Electronic Voting System

An electronic referendum (or e-referendum) is a referendum in which voting is aided by electronic means. E-referendum employs information and communication technology such as the Internet (e-voting) or digital telephones rather than a classical ballot box or traditional methods system. Traditionally, e-referendums are organised by governmental bodies, but nowadays, there exist private companies that can facilitate online referendums or other types of e-voting.

An electronic referendum provides a less time-consuming option of casting a vote for citizens; it can also be performed without attending an official voting place. It has also been assumed to lead to a higher voter turnout and an increase in the citizens’ political engagement; however, this is not always the case. E-referendum made the referendum voting more accessible to those living abroad and to disabled people.

== History ==
The Italian seaside town Ladispoli held three e-referendums in 2004 regarding the protection of archaeological sites, participatory budgeting, and the involvement of immigrants in political life. It was part of "E-poll": a European Union project dedicated to the experimentation of electronic voting. This project also took place in the other four Italian cities: Avellino, Campobasso, Specchia, and Cremona. In the case of Ladispoli, the vote was open to all citizens and immigrants.

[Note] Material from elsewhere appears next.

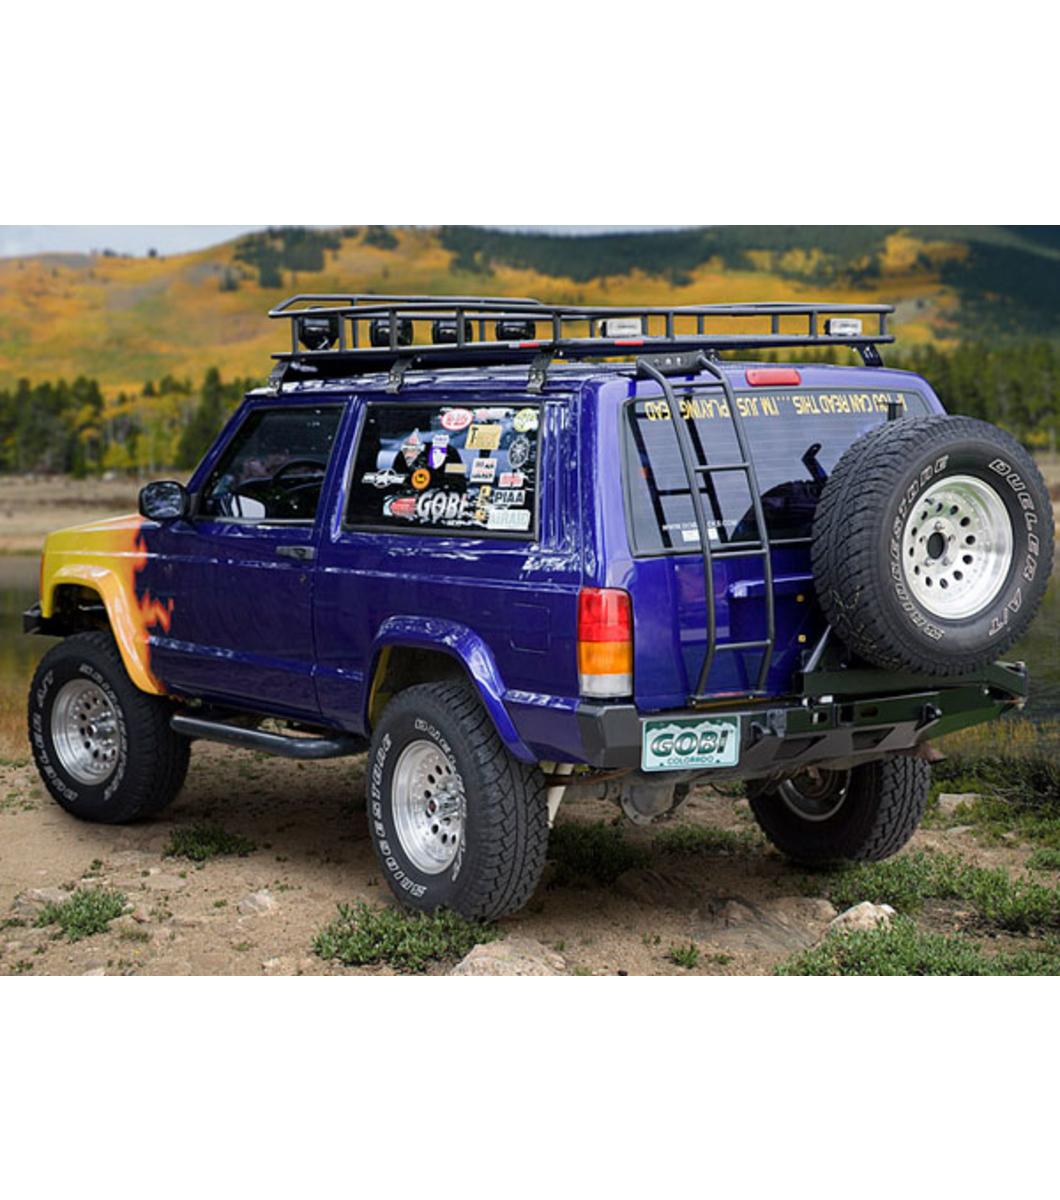 Gobi Jeep Cherokee Xj Ranger Rack No Sunroof Multi Light Setup
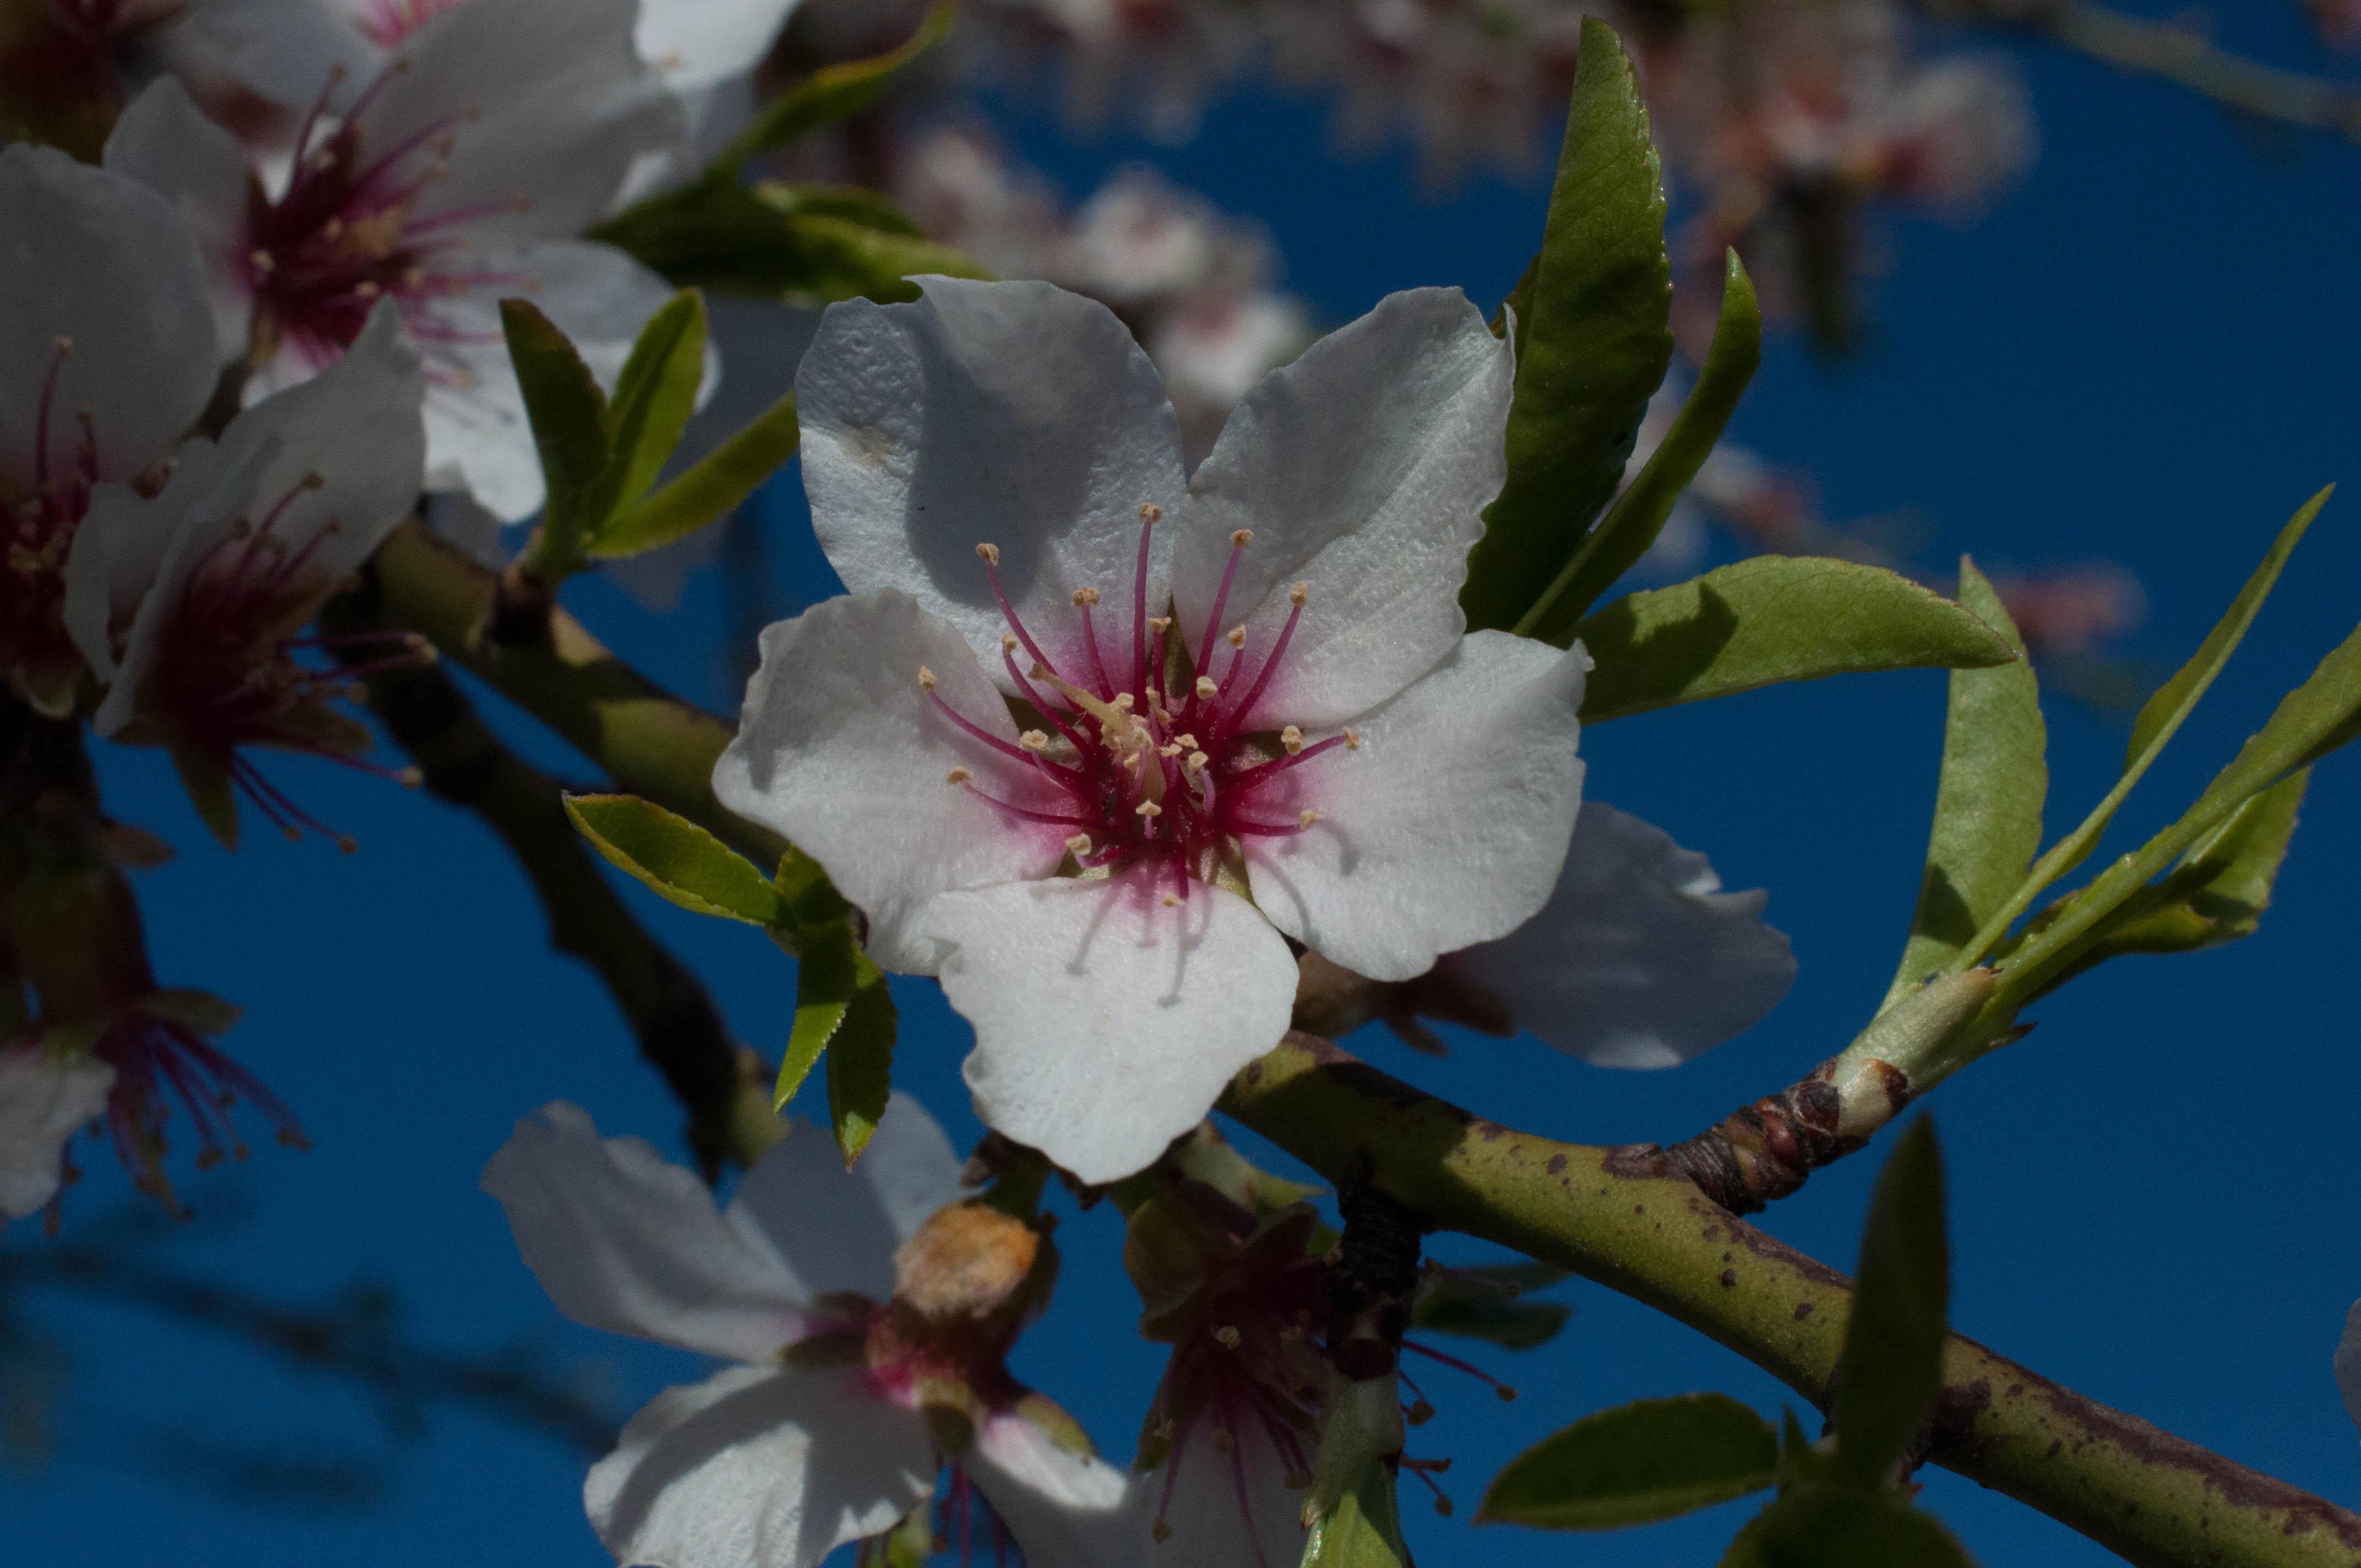 Prunus dulcis almendro Las Obreras de Aliste

Lately, in 2005, e-referendum was also experimented in Tallinn, the Estonian capital city. In the same year, Spain and France experienced the e-referendum, adopting the remote i-Voting and special tools, respectively.

== In practice ==

=== Switzerland ===
Following the European experience with e-referendum. Switzerland developed different electronic voting systems, such as the Geneva E-voting System or the Zurich E-voting System. Switzerland could enable referendums via the Internet at local or federal levels.

=== Ireland ===
During the 2002 referendum on the Treaty of Nice, Ireland used electronic voting machines in seven constituencies on a trial basis.

In 2004, the government abandoned its plans to introduce a nationwide electronic system after a report from the Independent Commission on Electronic Voting and Counting raised concerns about the machines' reliability and the ballot's integrity. E-voting was scrapped in 2009 when further reports confirmed issues over the reliability of the process and the difficulty of storage of the voting machines because of high costs.

=== Canada ===
The Canadian Citizens Party has propositions about referendum protocols. Canadians can establish an account and post policy recommendations on a platform. Other individuals can sign petitions linked to the recommendations through an electronic signature.